YOUR INSTRUCTIONS: Would you please transcribe the data in full and exactly, excluding images?

***** SUPPLIED DATA *****

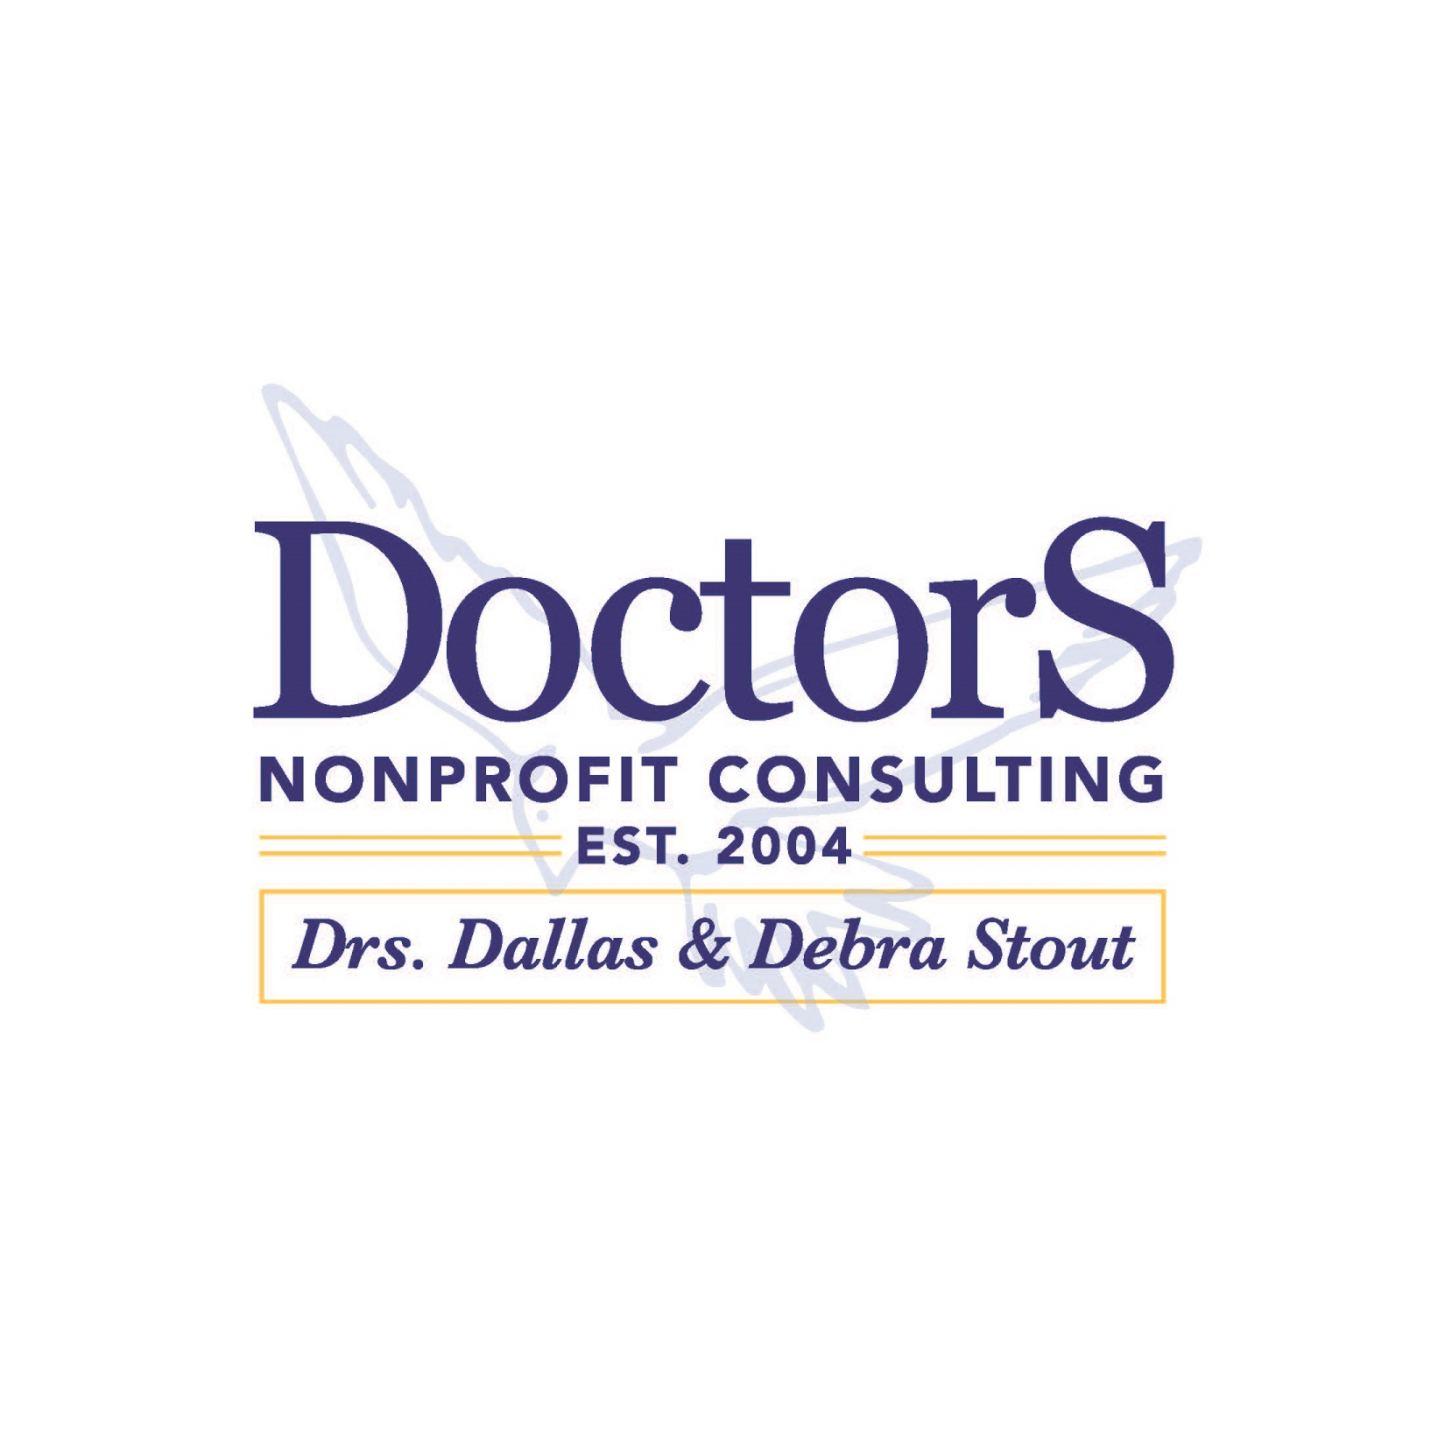 DoctorS Nonprofit Consulting Logo
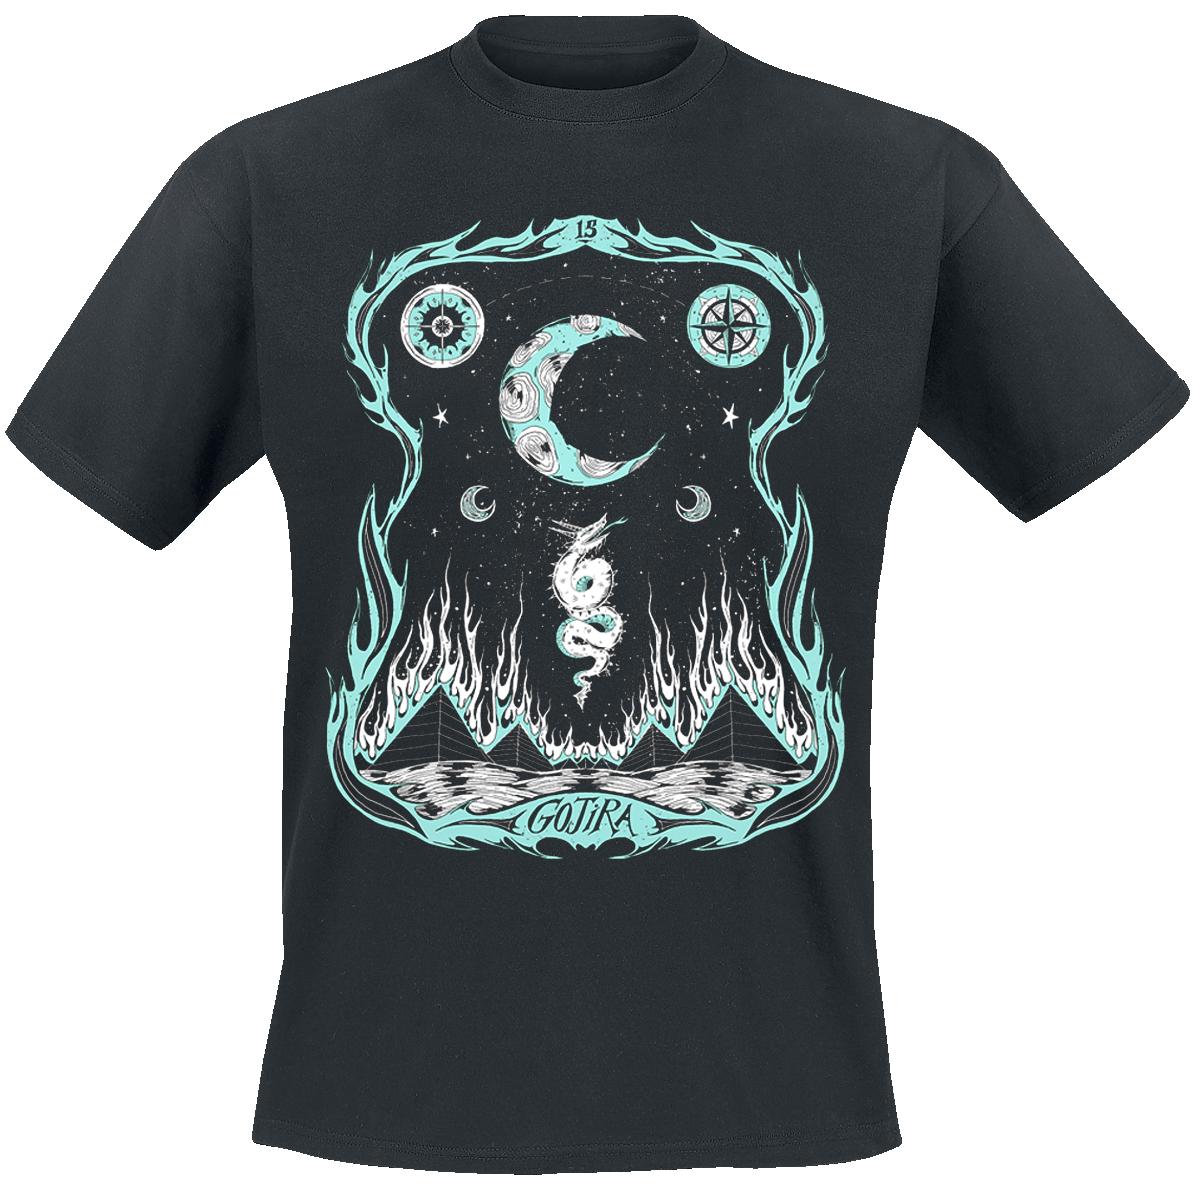 Gojira - Dragons Dwell - T-Shirt - schwarz
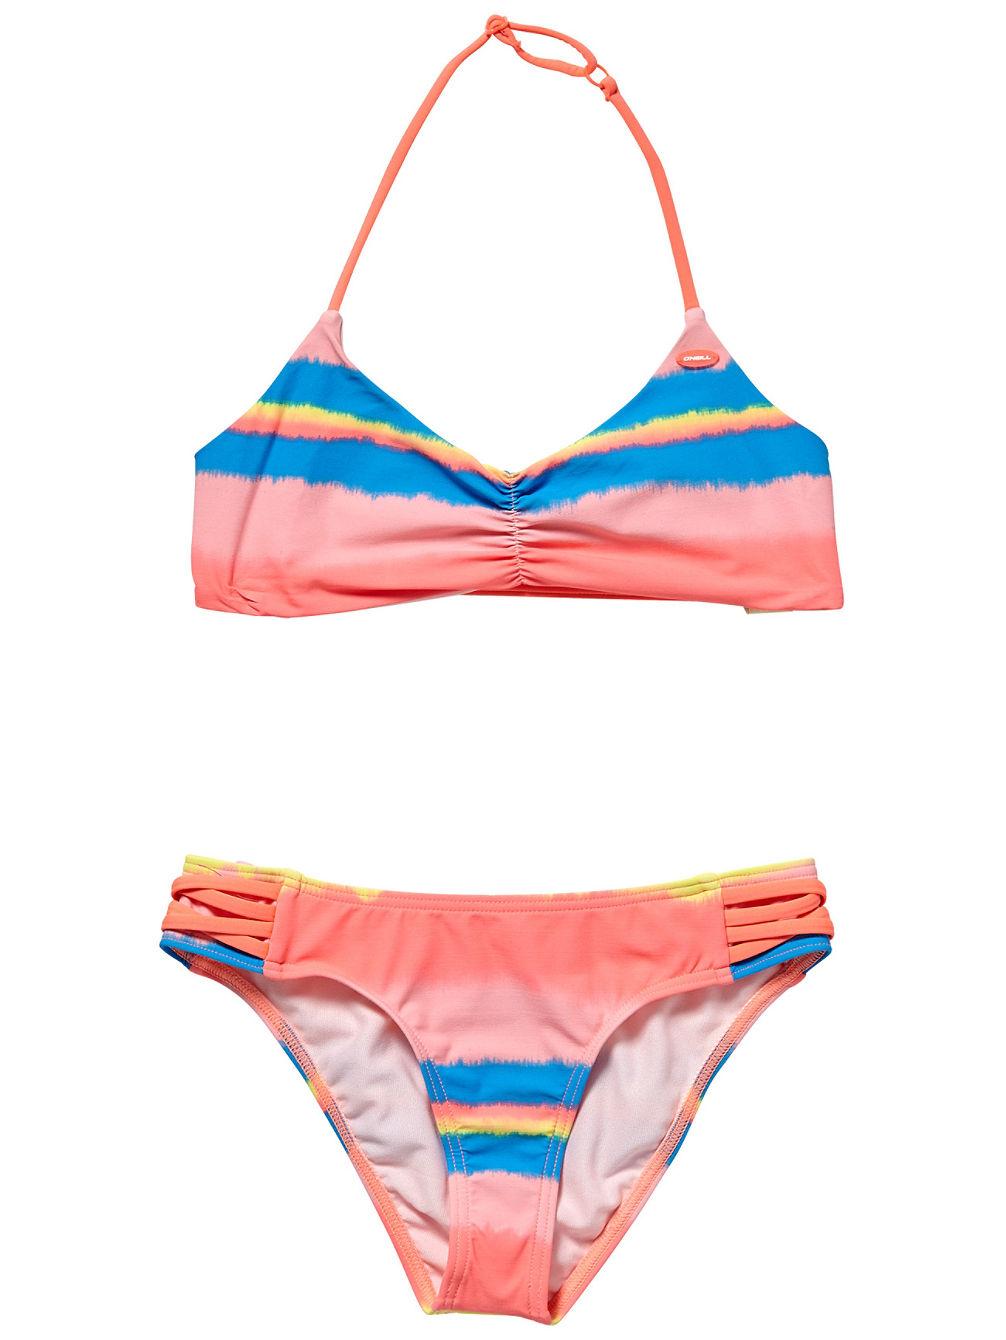 2500f61986b Buy O'Neill Boho Bikini Girls online at blue-tomato.com
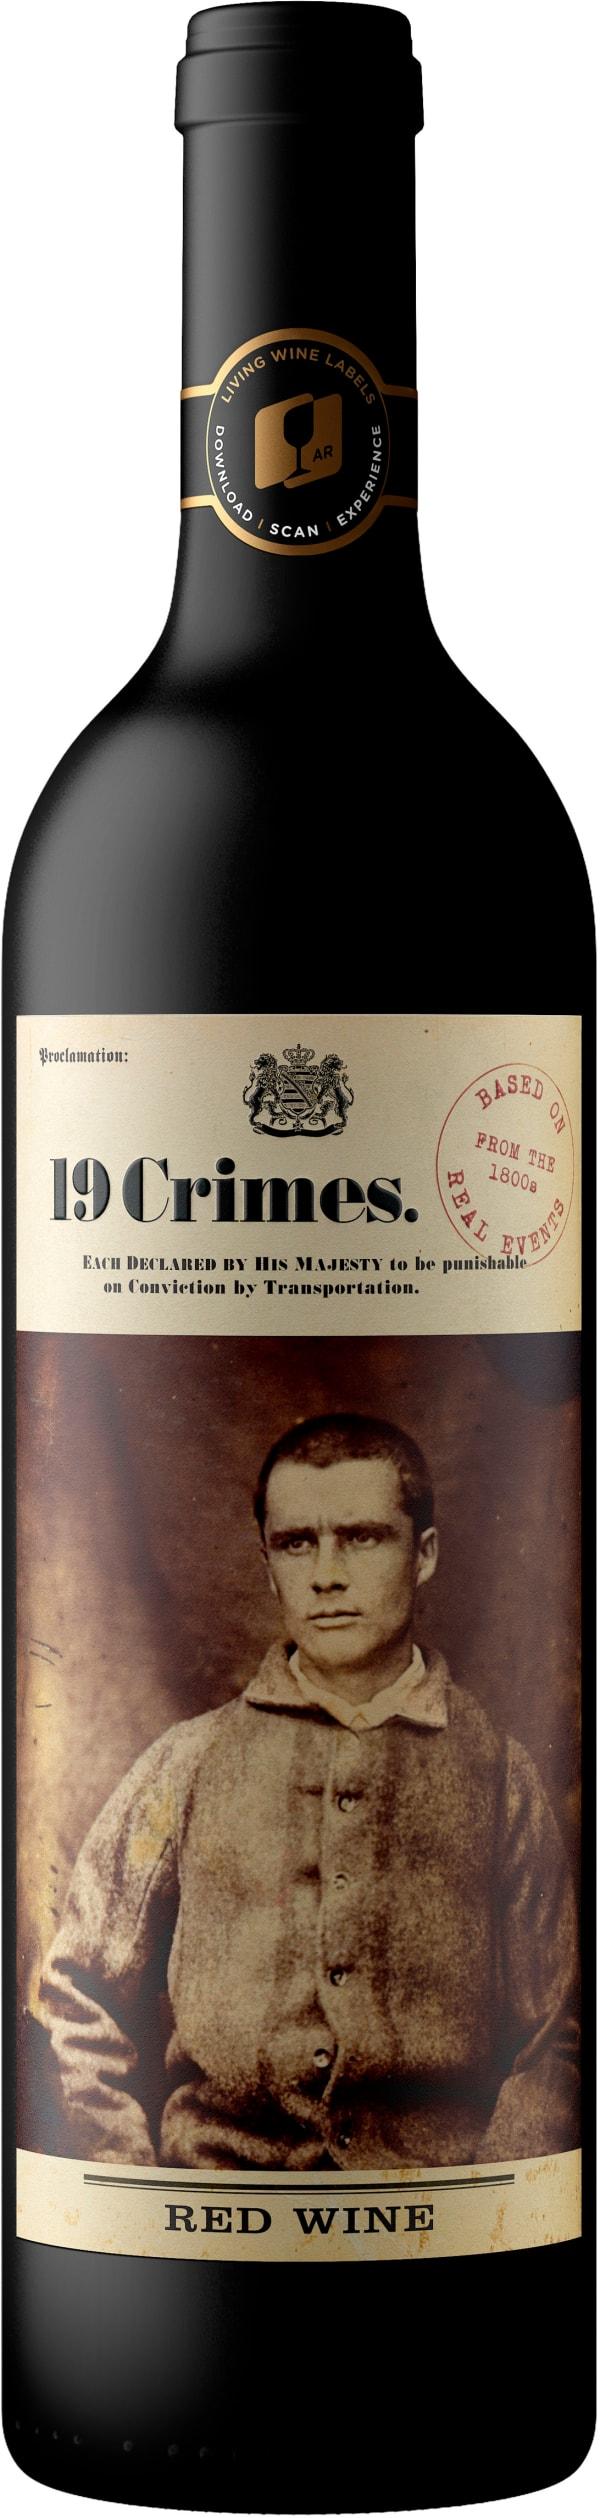 19 Crimes Red wine 2019

*****

EXERCISE RESULT:
 DoctorS Nonprofit Consulting Logo
 Gojira - Dragons Dwell - T-Shirt - schwarz
 2500f61986b Buy O'Neill Boho Bikini Girls online at blue-tomato.com
 19 Crimes Red wine 2019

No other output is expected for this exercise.